Jag Mandir, the second island palace on Pichola, is accessible by boat. Less visited than the Lake Palace and genuinely beautiful — the boat ride across with the Aravallis behind you is worth it alone.
Planning Your North India Tour: What to Know
A north India tour covering the Rajasthan forts and palaces circuit isn’t difficult to plan, but it rewards good sequencing. The recommended route runs Delhi → Jaipur → Jodhpur → Udaipur, with Agra added before Jaipur if the Taj Mahal is on the list. October to March is peak season — the weather is the best it gets, and the light in winter is ideal for photography.
Some practical notes that the guidebooks don’t always mention
Wear proper walking shoes. The forts involve uneven stone, steep ramps, and unexpected climbs. Start at major sites within the first hour of opening — the quiet is worth the early alarm. Build in time to simply sit at a viewpoint and look, without moving to the next item on the itinerary. The details of Rajasthan’s heritage architecture — carved lattice screens, painted ceilings, centuries-worn stone steps — only reveal themselves when you’re not rushing.

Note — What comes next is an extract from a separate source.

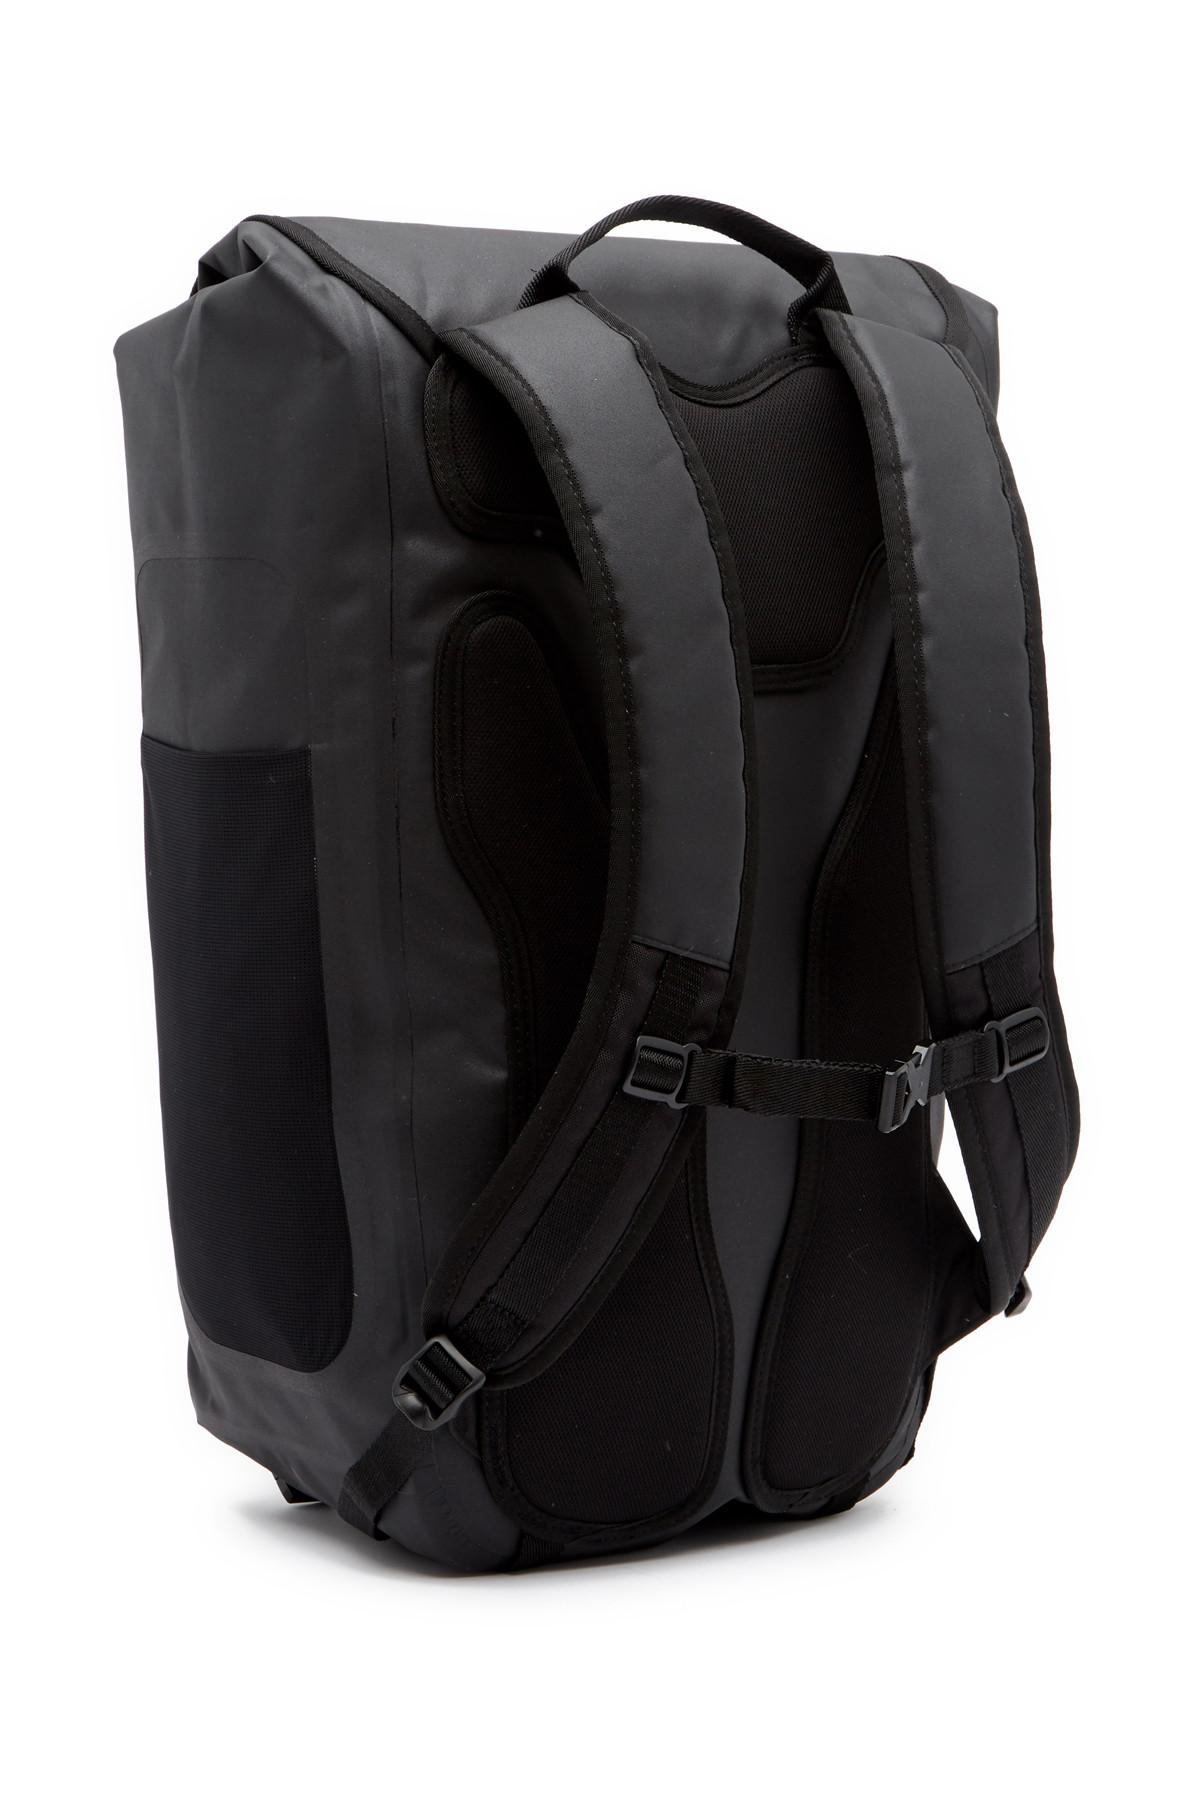 Hurley Wet/dry Elite Backpack in Black/Black (Black) for Men | Lyst

Vardhman Vacations designed the itinerary to move at a pace where I actually absorbed things rather than just photographed them. The guides at each site understood the history well enough to handle follow-up questions, not just deliver a rehearsed script. On a heritage-focused north India tour, that quality of guiding makes a measurable difference to what you take home from the experience.
Final Word
Rajasthan is not a backdrop. It’s an argument — for craftsmanship, for scale, for the kind of ambition that builds a fort on a cliff and then fills it with mirrored ceilings. A north India tour that takes this Rajasthan forts and palaces route seriously is one of the more complete travel experiences the subcontinent offers.